• Your task:
All lines from the one containing "How to Buy a" through the last line of the listing should be given again exactly, with no pictures.

• Recorded information:
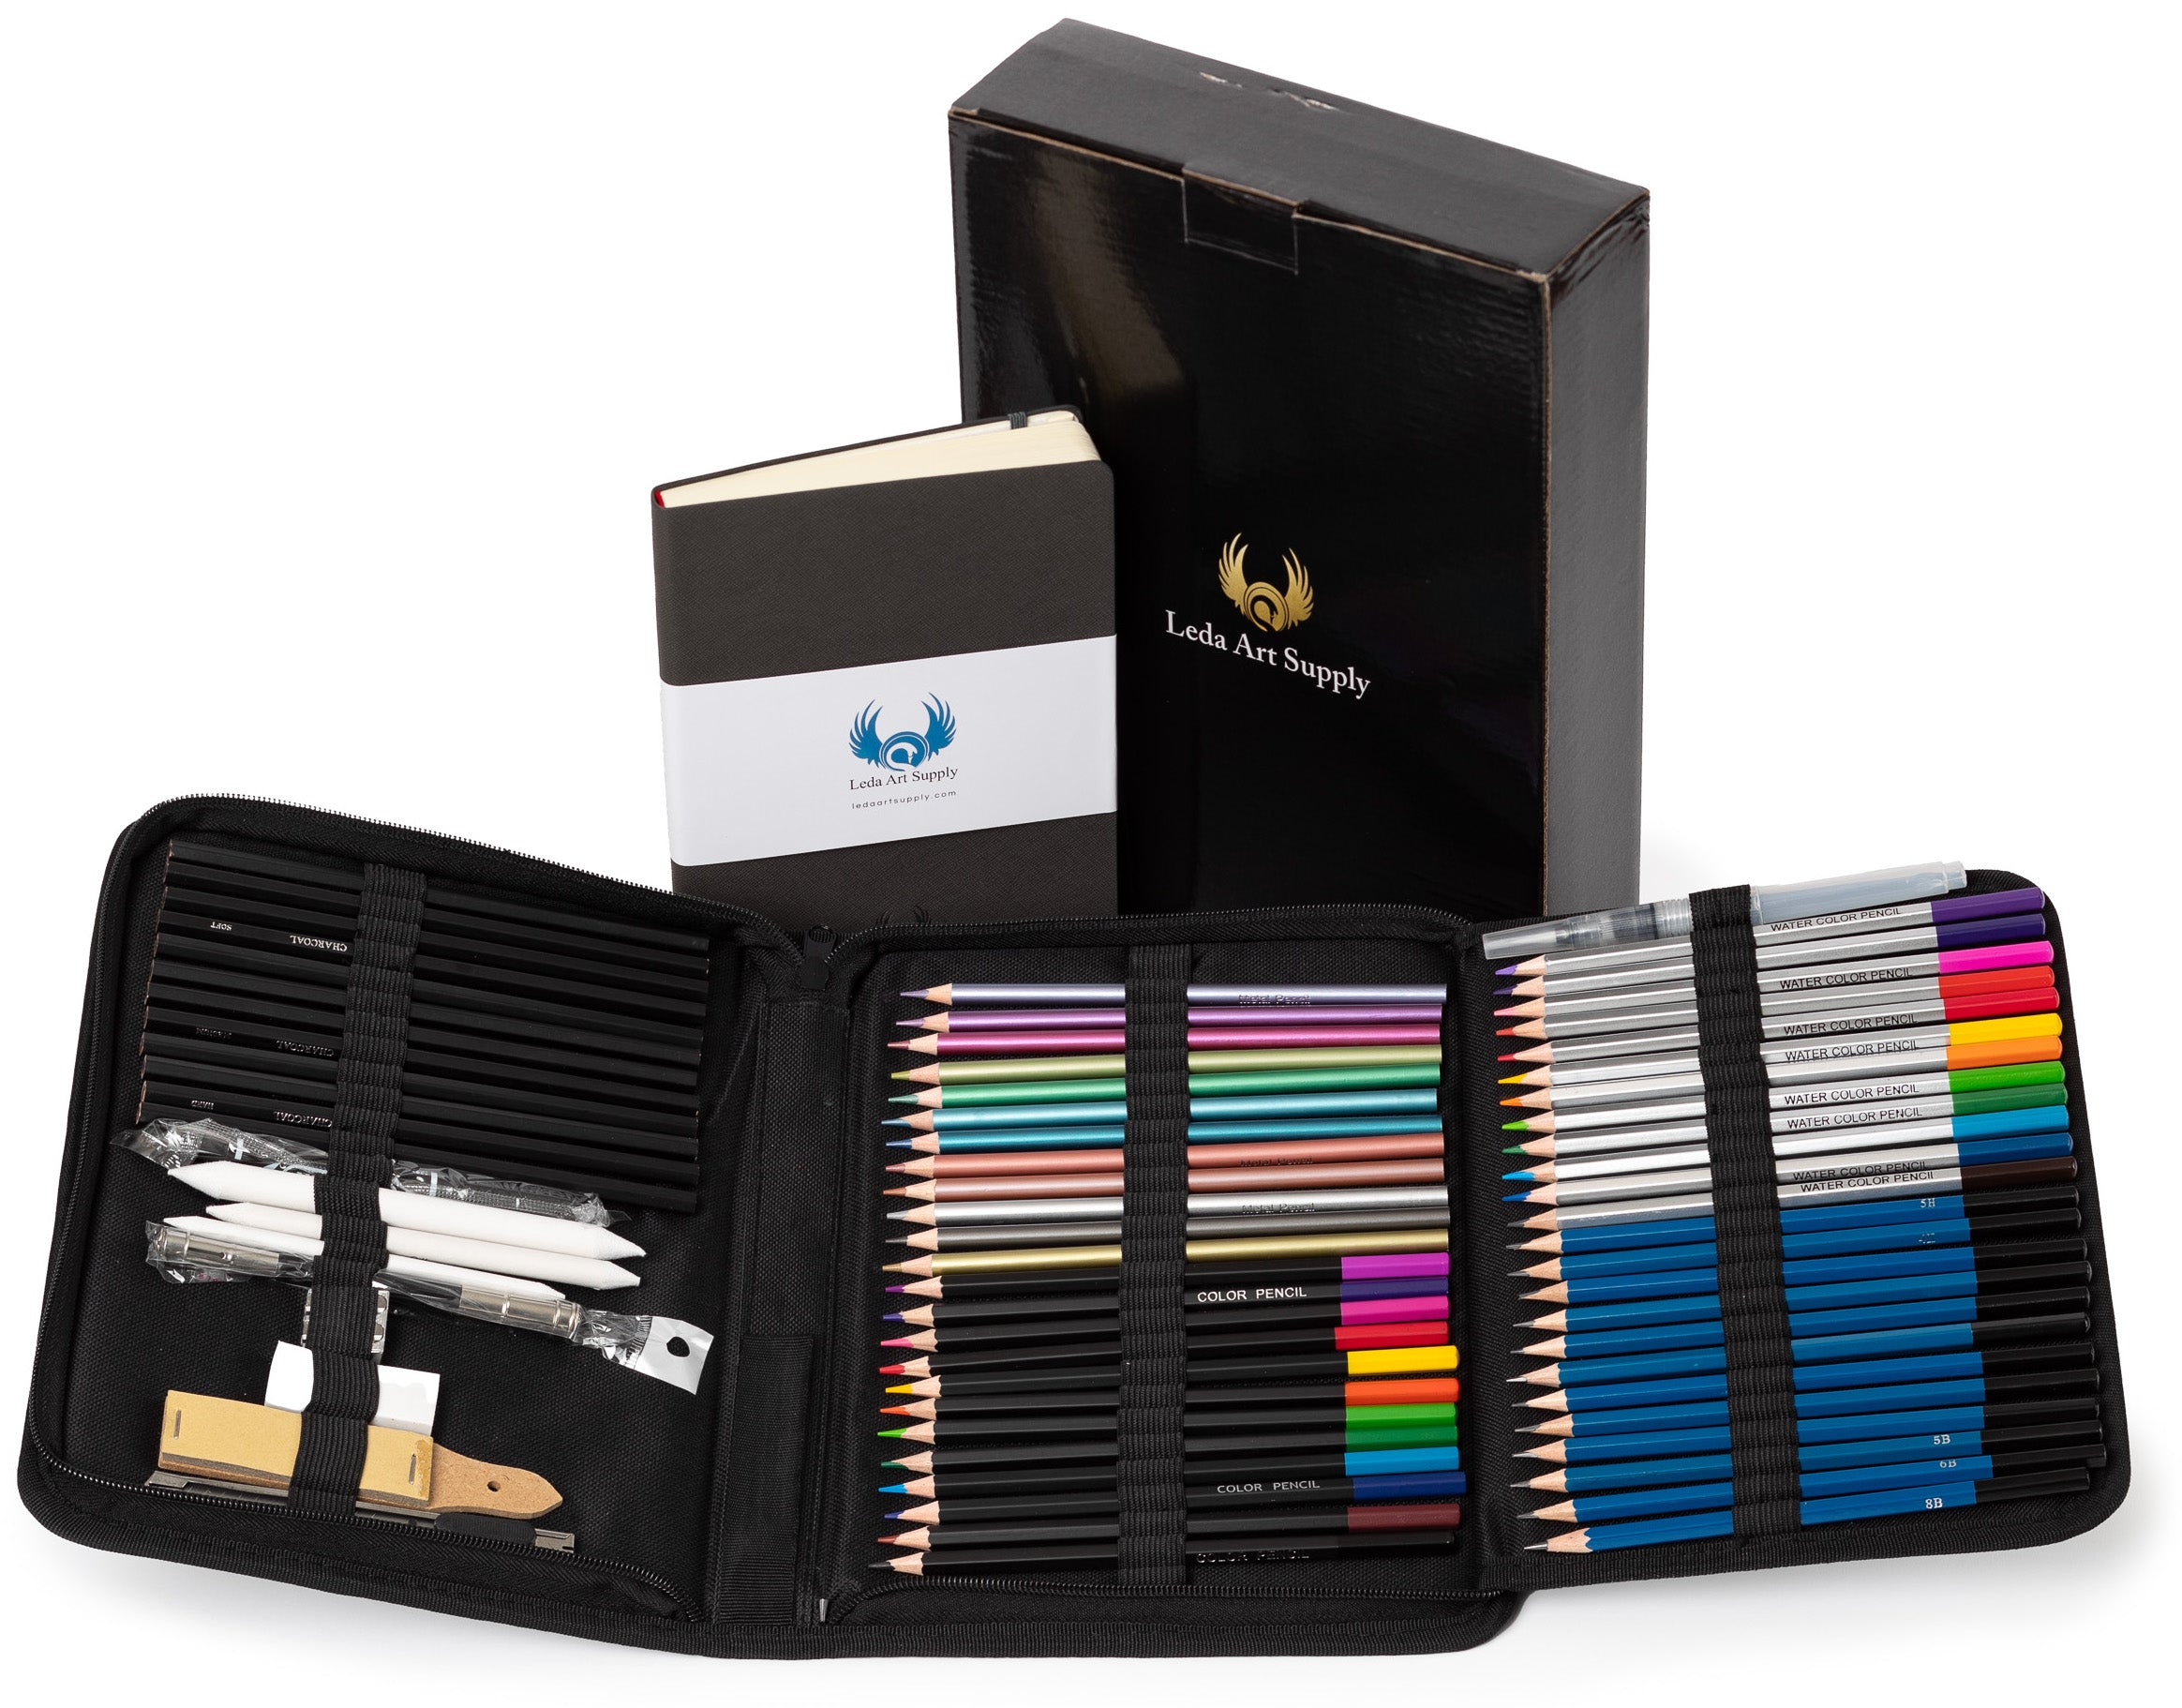 72 Piece Dream Art Kit for Colored Pencil Drawing Includes 60 Professional Sketch Pencils, Sketchbook and Tools
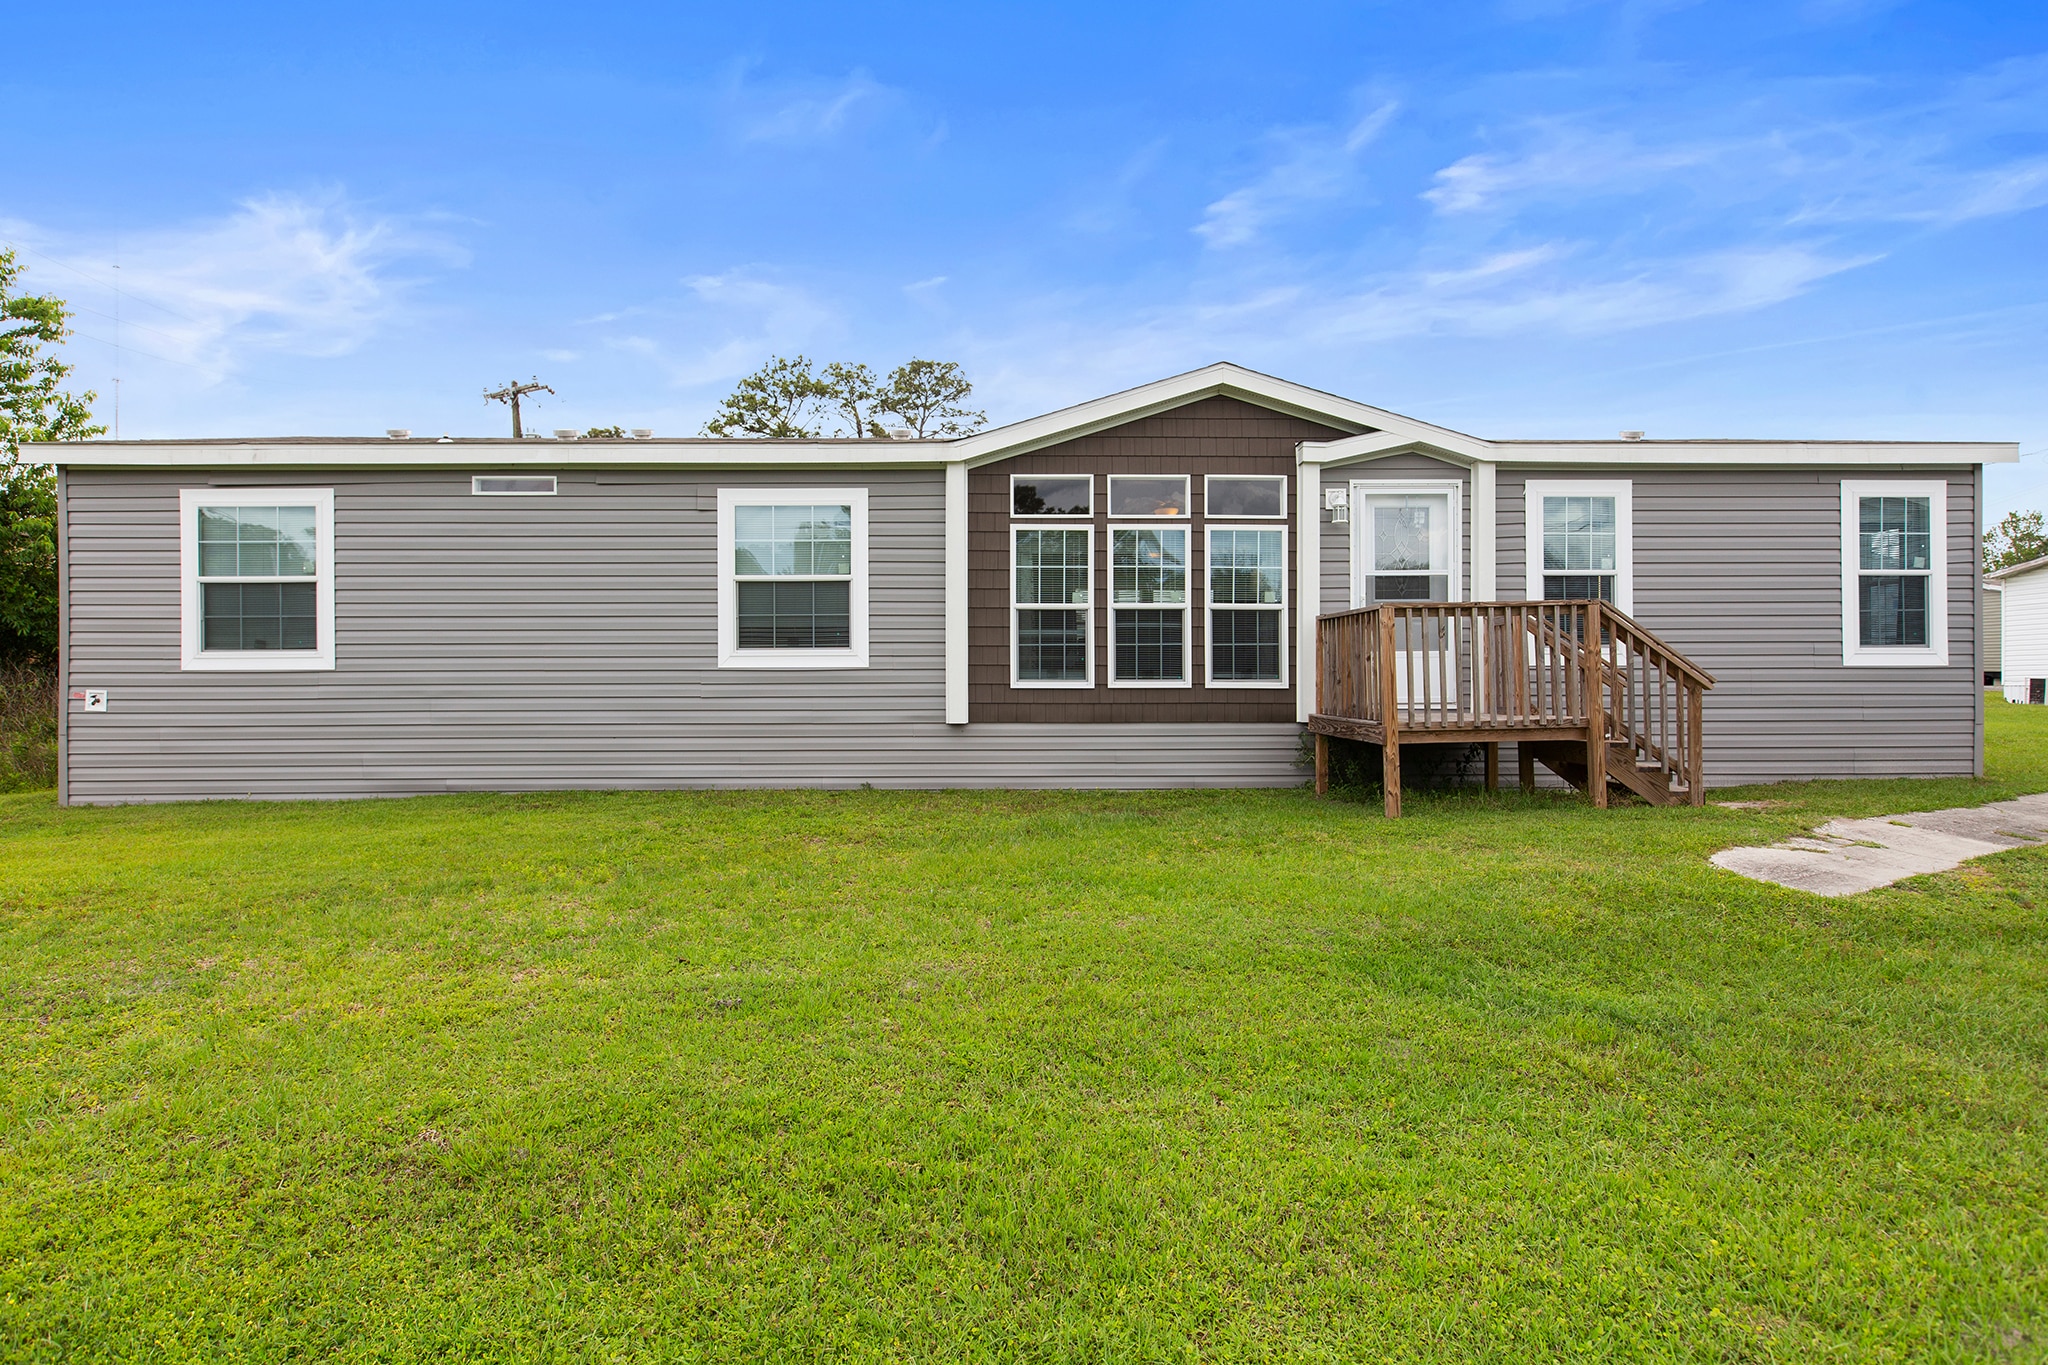 How to Buy a New Manufactured Home: From Research to Key Turn!
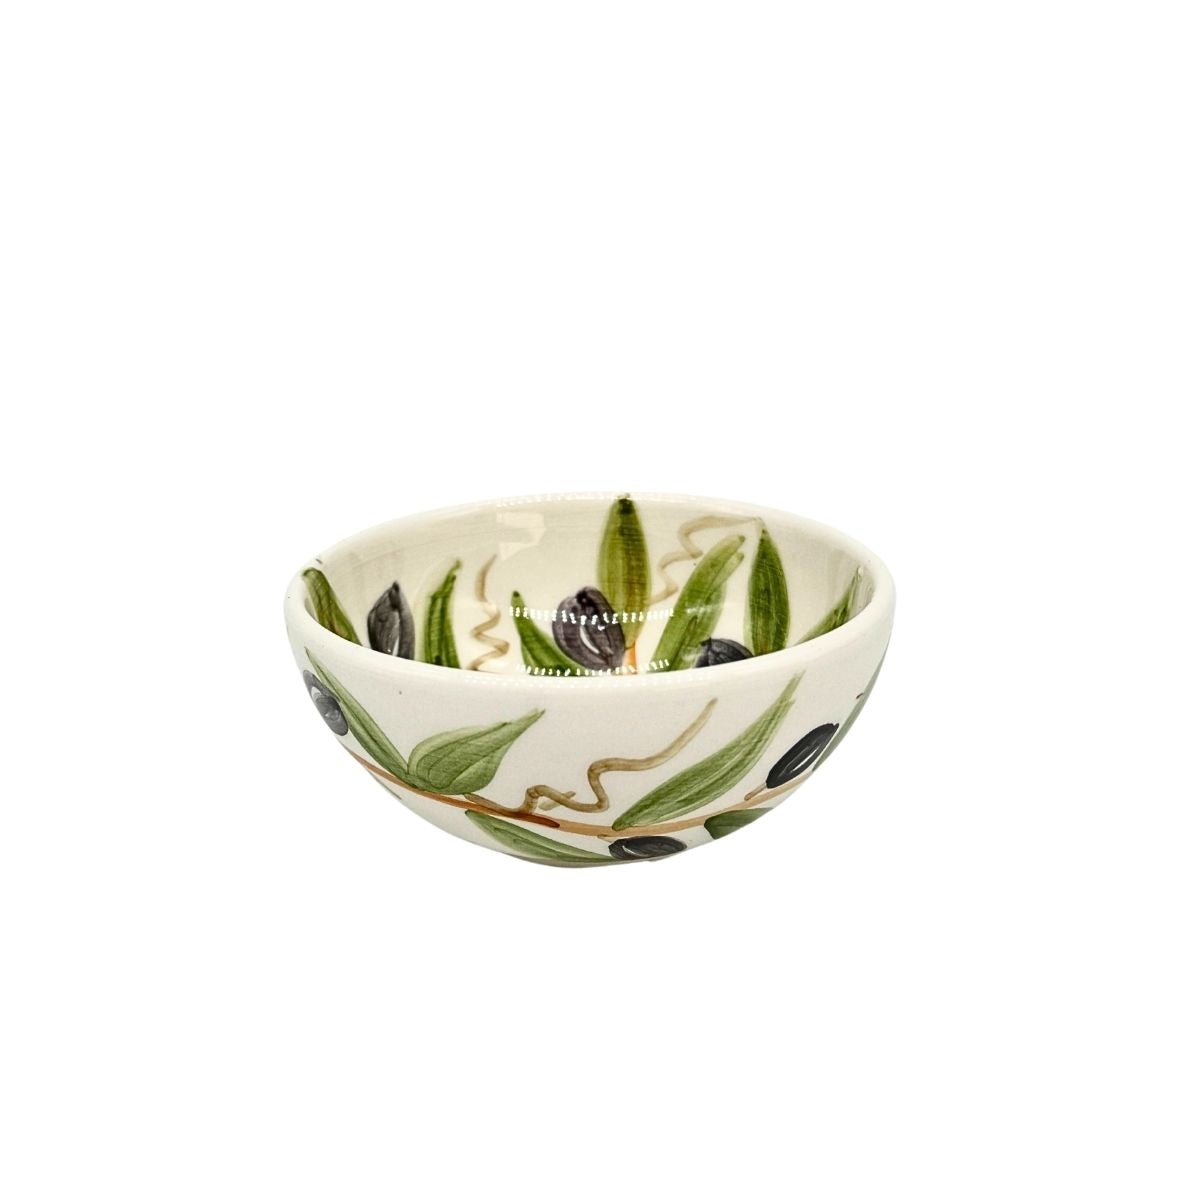 Ceramic "Dipping" Bowl (3.5 inches) - Olives

• Solution to the problem:
 How to Buy a New Manufactured Home: From Research to Key Turn!
 Ceramic "Dipping" Bowl (3.5 inches) - Olives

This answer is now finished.